Thursday, April 7, 2011

Are We There Yet?

Yesterday I got up, joked with Casey that we should call in, and went to work anyway. I had 6 weeks of work left before I took off to welcome Jonah. By 7:30 last night I was sitting in a hospital bed for who knows how long. What a difference a day makes.

Midday I really started to notice that Little One just hadn't been nearly as active as usual. I started thinking back and realized that he'd been abnormally mellow on Tuesday, too, so I called Dr. Wagman's office to see when I should worry. By 3:15 I was in her office watching my fully breech, fully active little man pulling one of his favorite stunts... being non-compliant. Strong-Willed Fetus Syndrome is a thing, and my child definitely has it. So Jonah wasn't in trouble... what IS going on? One helter-skelter trip to the high-risk perinatologist later, I was standing in admitting processing that no, as a matter of fact. I would not be going home.

Why are we here? Apparently Jonah is both non-compliant AND persuasive and has talked my body into helping prepare for his arrival a little too early. My cervix is 17 mm and funneling instead of the 40 and straight it should still be at this point. Upon interrogation, it seems that I've likely been having contractions (mild and painless) for several weeks. Because they weren't particularly uncomfortable and I'd never done this before, I had no idea what was going on.
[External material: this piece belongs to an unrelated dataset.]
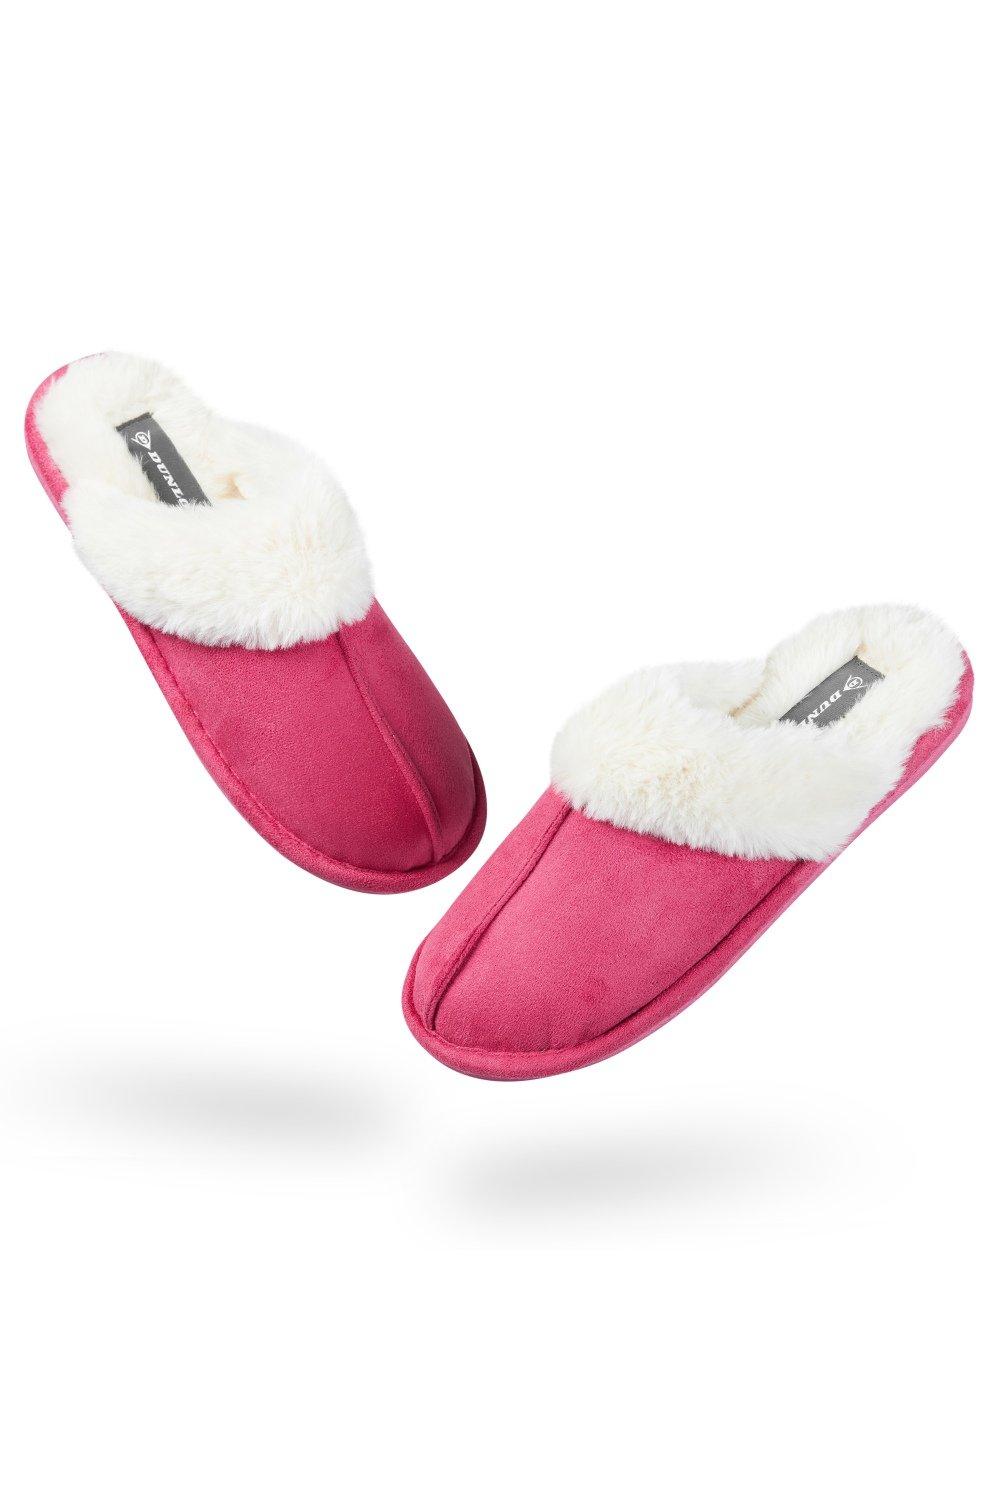 Домашние пушистые тапочки на толстой меховой подкладке Dunlop, розовый slides women sandals fur slides for women flat slippers for women slipper women summer slipper slippers women slippers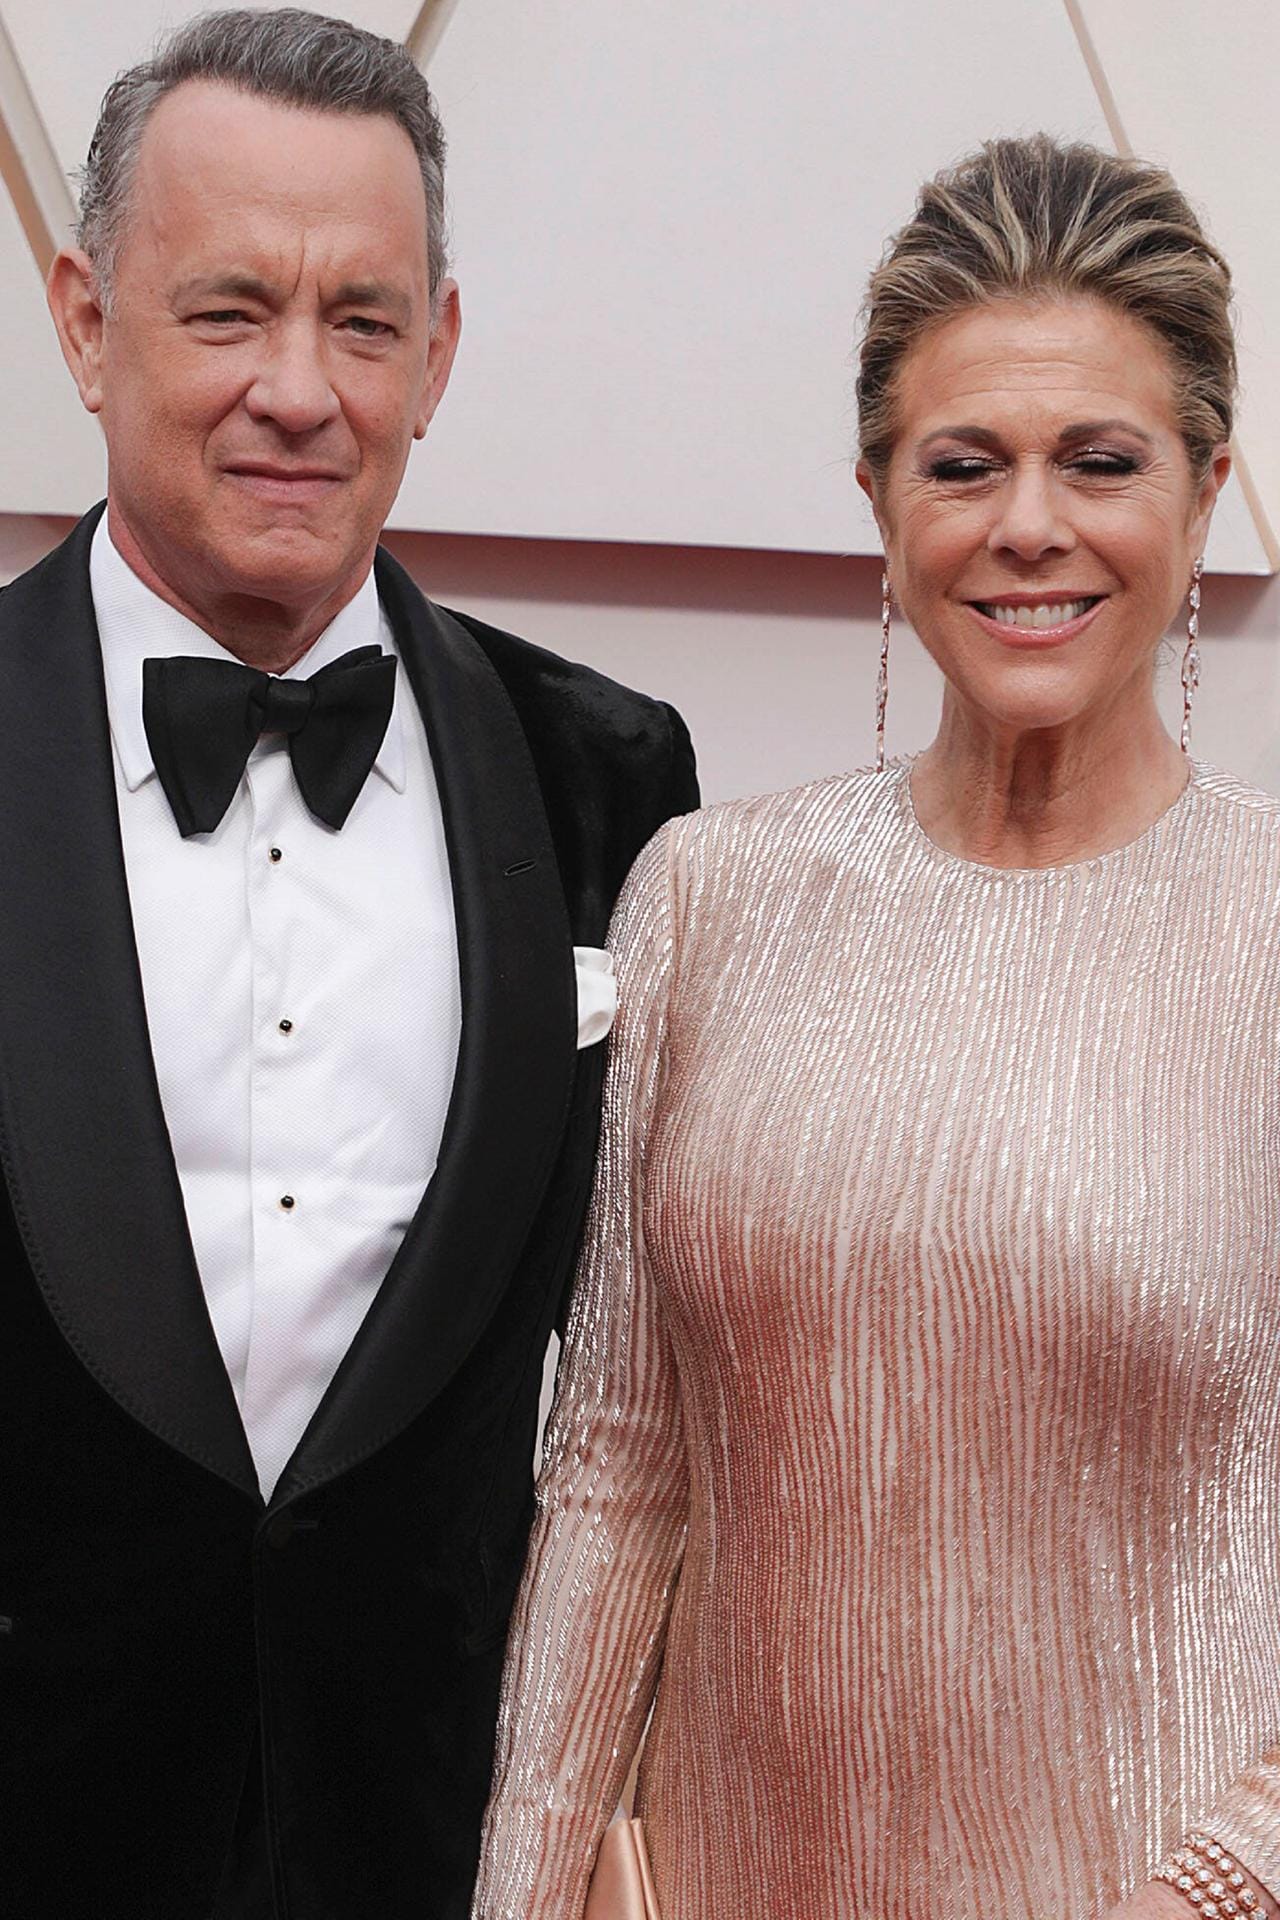 Tom Hanks und Rita Wilson: Das Paar hatte sich gemeinsam im Frühjahr 2020 in Australien angesteckt. Der Schauspieler hatte sich etwas müde gefühlt, wie bei einer Erkältung. Seine Frau hatte zudem immer wieder Schüttelfrost und leichtes Fieber gehabt.

So the plan, as best I know it until Dr. W comes and tell me otherwise, is to stay here. In this bed. With a view of the DART rail station. We don't know how long. Based on her past patients of Dr. W's (and a late night phone call where she was told I'd be here for "a couple of more weeks"), me nurse seems to believe that I'll likely be here until 34 weeks (8 more days) or beyond. Delivery isn't imminent, but I have to be on bedrest until we're in the "safe" zone (techinically closer to 35 weeks, but 34 will do). He's had steroids to boost his lungs, so if it's sooner rather than later, that's one fewer thing to worry about.

So my plans, once again, made God laugh. But I'm very thankful that He used a 4lb. 8oz. (ish) little boy to make ME listen and to keep us safe. I'll update as a know more, but frankly I'm OK with there being no action on this particular front!

Saturday, March 19, 2011

My Teacup List

Two years ago right now, I was completely, 100% single. One year ago right now, I was pouring all my energy into wedding planning. Right now... well we all know where I am.

Yes... I move quickly. Let's move on :-).

Last week, Casey and I were standing outside the Bellagio in Las Vegas, when the guy next to us at the railing announced that seeing the Fountains of Bellagio at night was on his bucket list. Now, I can't think of a single thing I want to experience in my life that's set to "My Heart Will Go On," but he made me think. I'm not making a bucket list... I feel like my life has only just begun (finally!!) and I intend to delight in it all for a really long time.

But there's that little matter of Jonah. In right around 10 weeks (give or take... it's really up to him!), he will usher in a new life for me. So before my time, my choices, my actions cease to belong pretty much solely to me, I'm making a mini bucket list. I call it "My Teacup List." I figure one a week oughtn't be TOO hard... right?? So between the nesting, the planning, the all consuming baby prep, Momma wants to take care of a few things.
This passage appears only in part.